**THE TASK:** Consider the listing below. Extract exactly the lines from the line containing "Sanitäter in Anwesenheit" to the line containing "Как отличить самца", both included.

**DATA UNDER STUDY:**

◆ ◆ ◆

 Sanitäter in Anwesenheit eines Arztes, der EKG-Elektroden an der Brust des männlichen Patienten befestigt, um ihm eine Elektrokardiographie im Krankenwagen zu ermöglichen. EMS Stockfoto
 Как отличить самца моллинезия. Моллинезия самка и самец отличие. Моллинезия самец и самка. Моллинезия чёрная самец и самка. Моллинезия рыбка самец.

◆ ◆ ◆

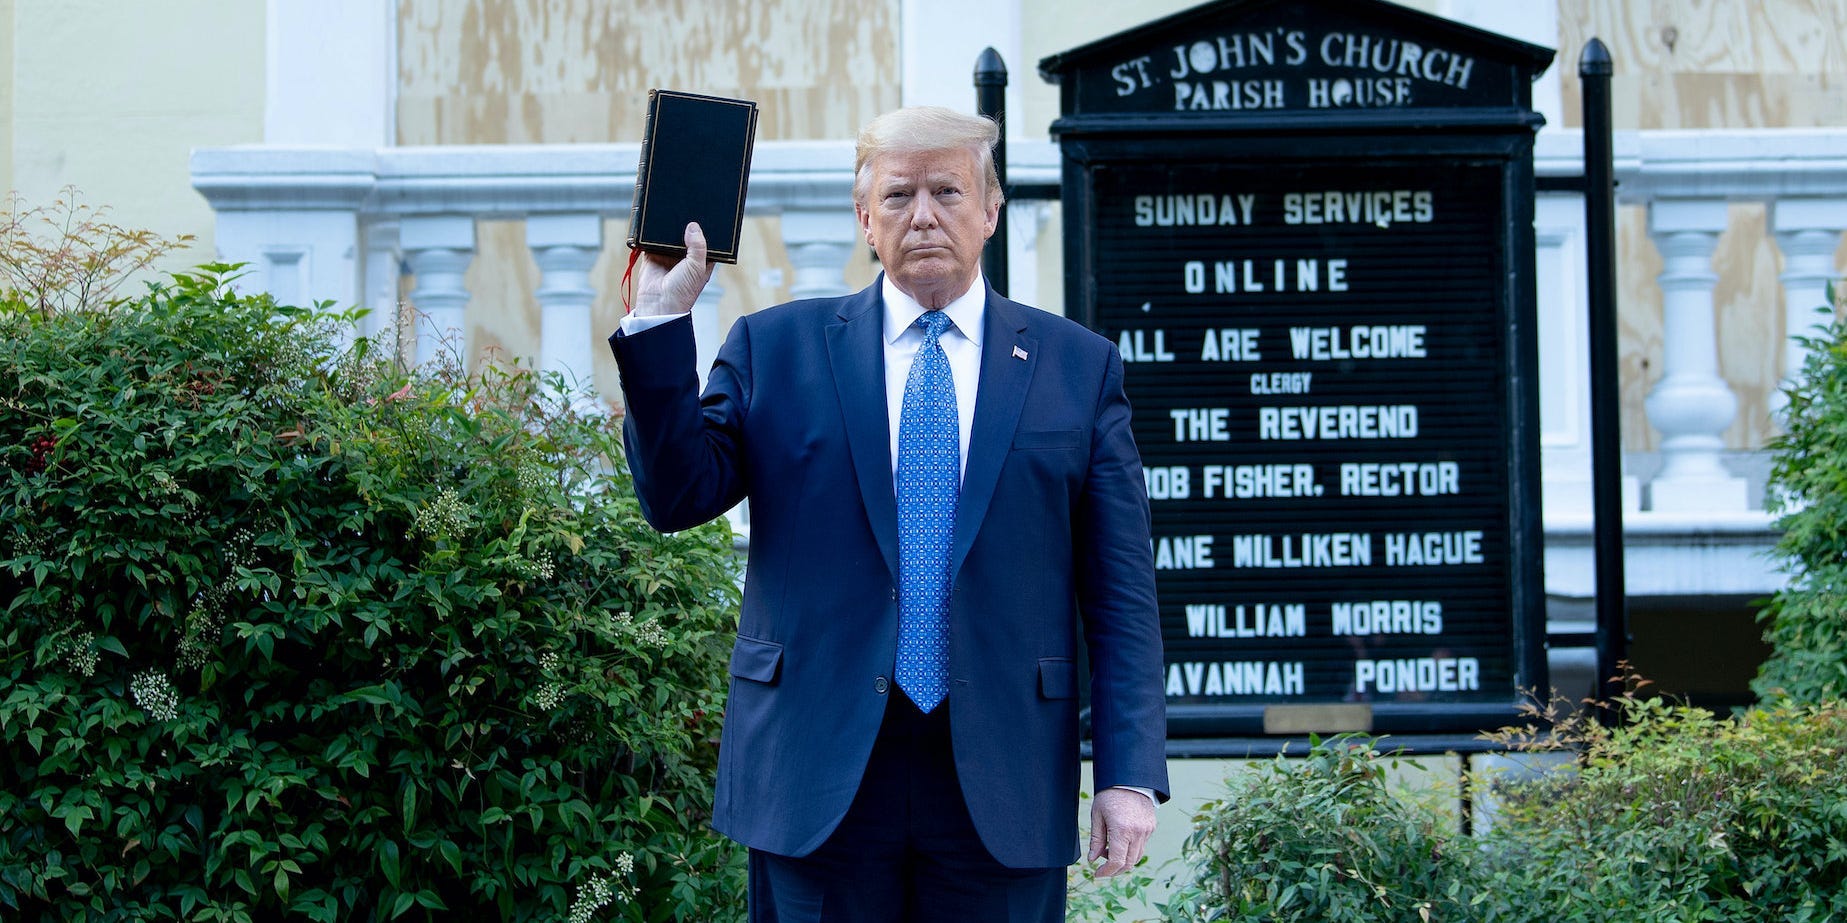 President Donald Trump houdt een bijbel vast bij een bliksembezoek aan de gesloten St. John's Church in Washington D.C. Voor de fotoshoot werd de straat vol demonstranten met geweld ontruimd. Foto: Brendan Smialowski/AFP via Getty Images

◆ ◆ ◆

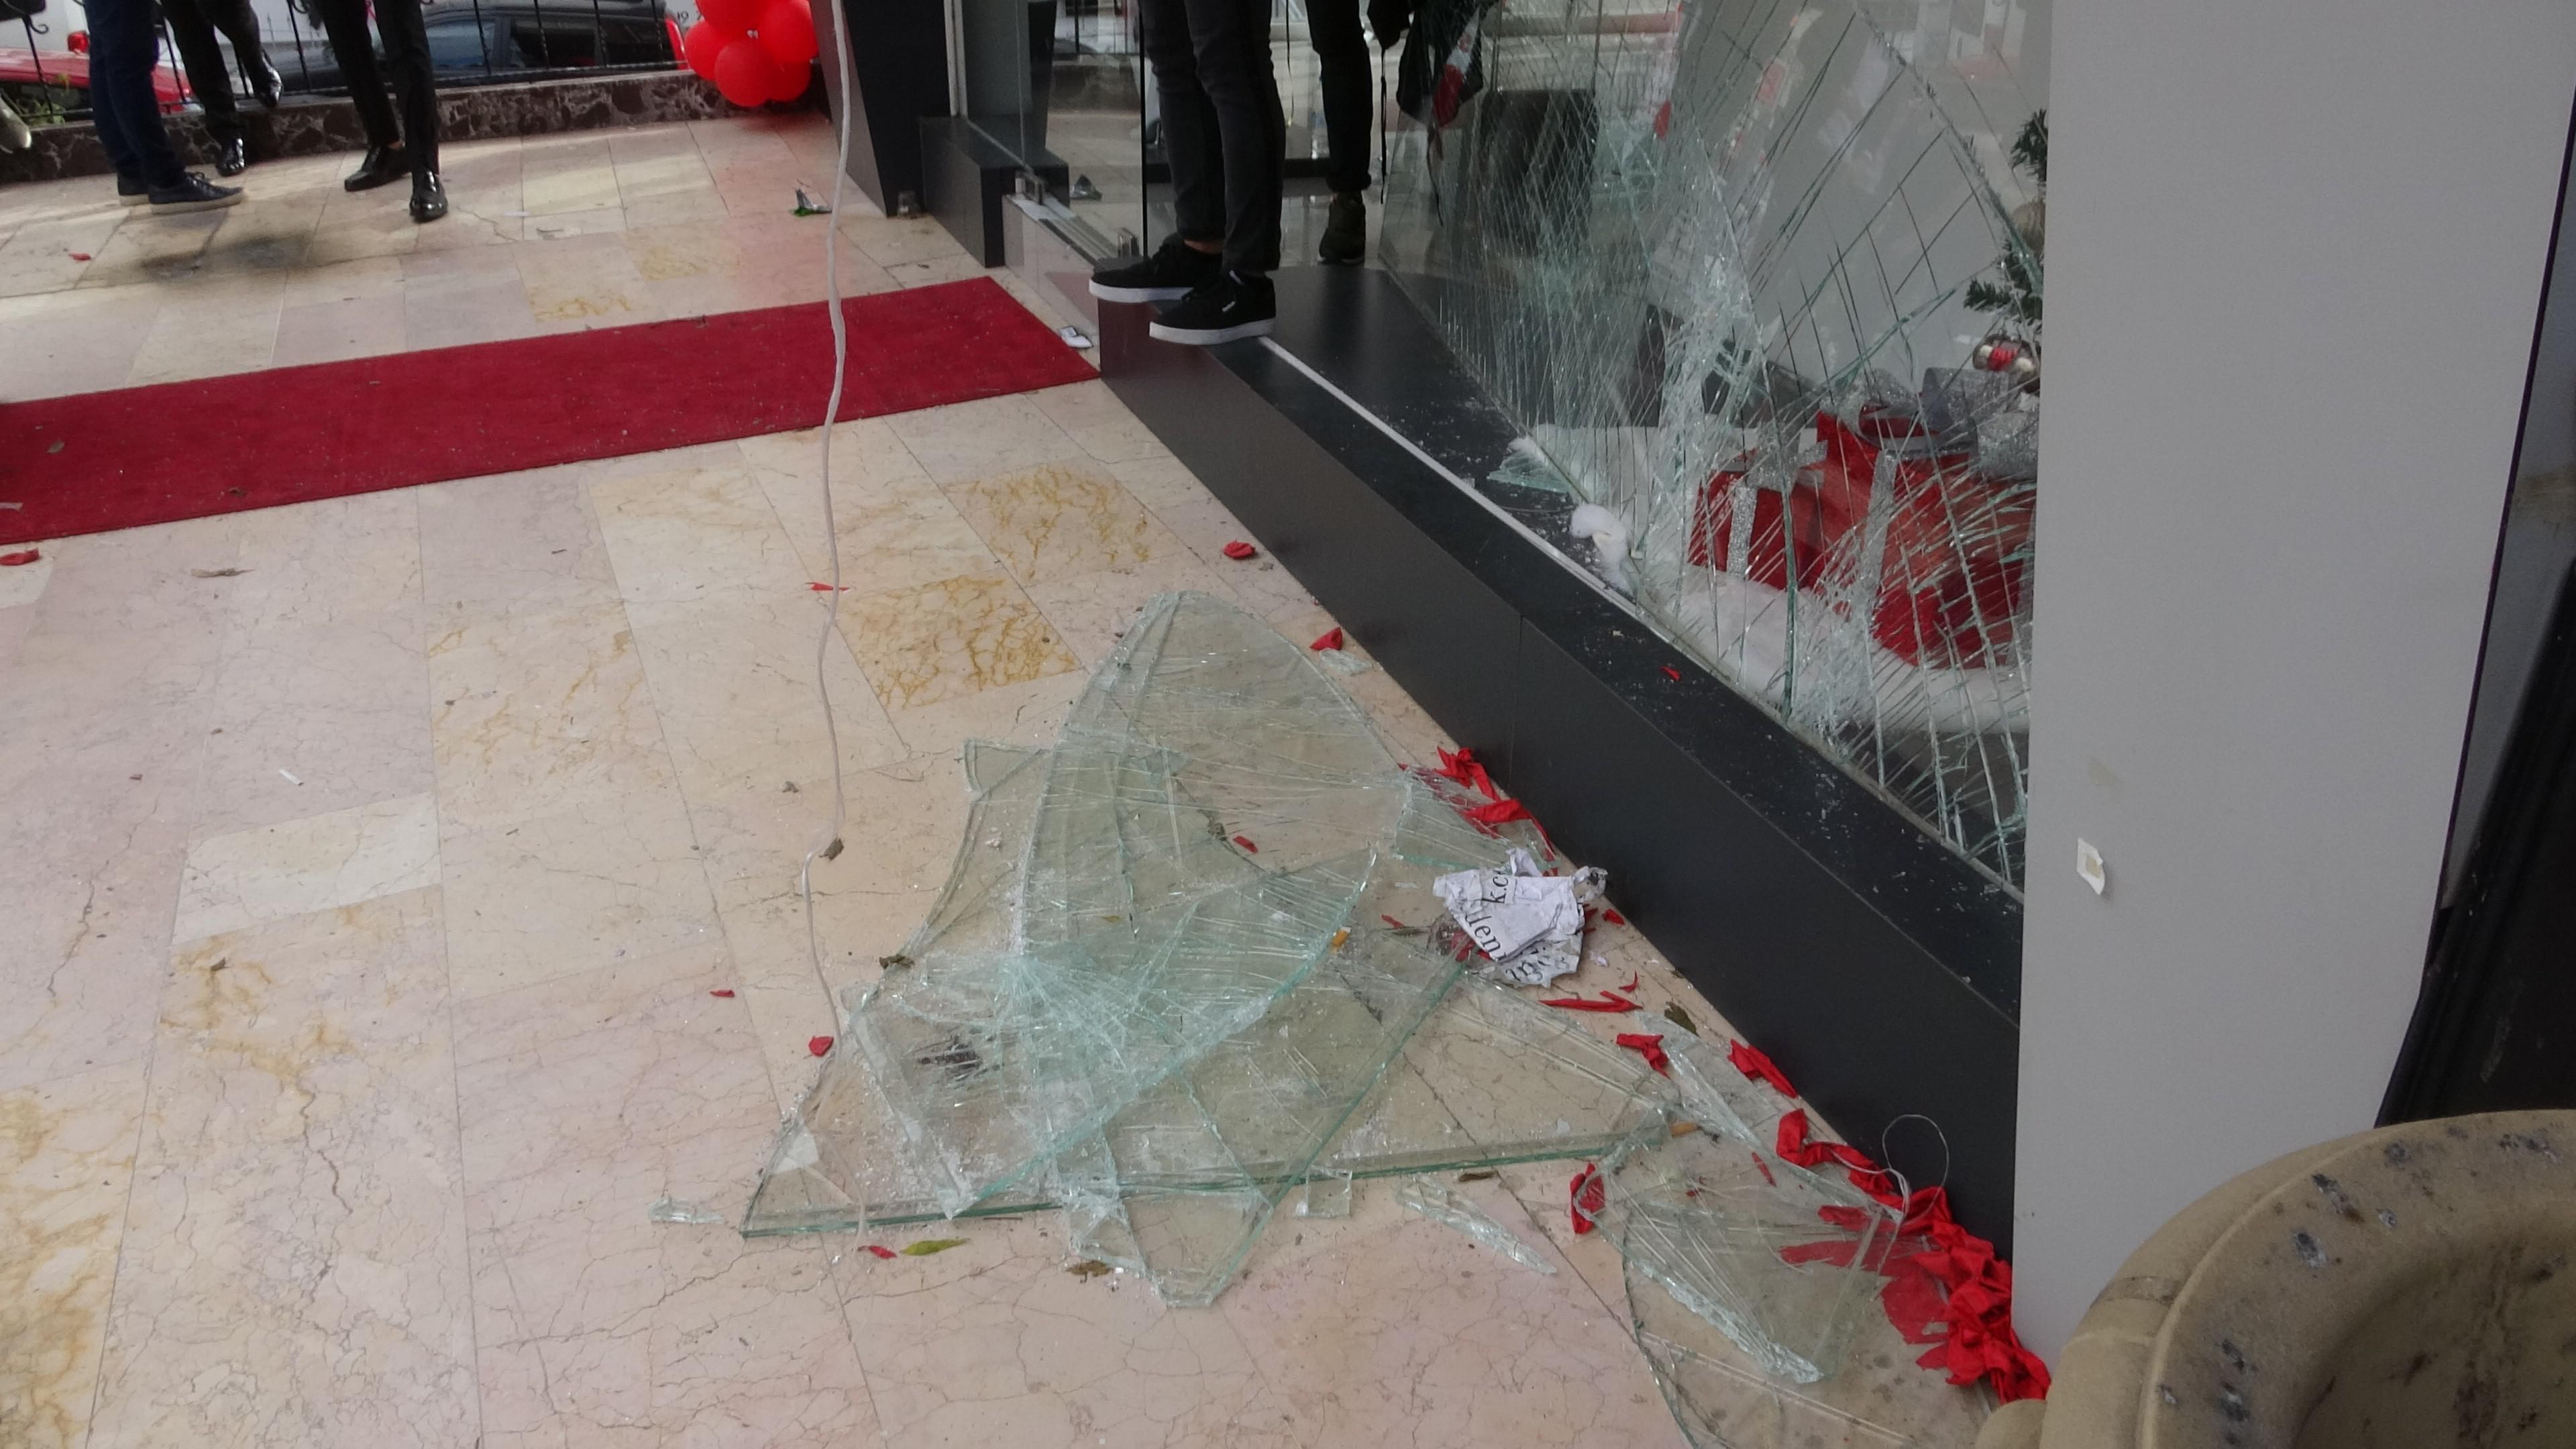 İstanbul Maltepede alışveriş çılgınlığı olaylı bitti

◆ ◆ ◆

**RESPONSE:**
 Sanitäter in Anwesenheit eines Arztes, der EKG-Elektroden an der Brust des männlichen Patienten befestigt, um ihm eine Elektrokardiographie im Krankenwagen zu ermöglichen. EMS Stockfoto
 Как отличить самца моллинезия. Моллинезия самка и самец отличие. Моллинезия самец и самка. Моллинезия чёрная самец и самка. Моллинезия рыбка самец.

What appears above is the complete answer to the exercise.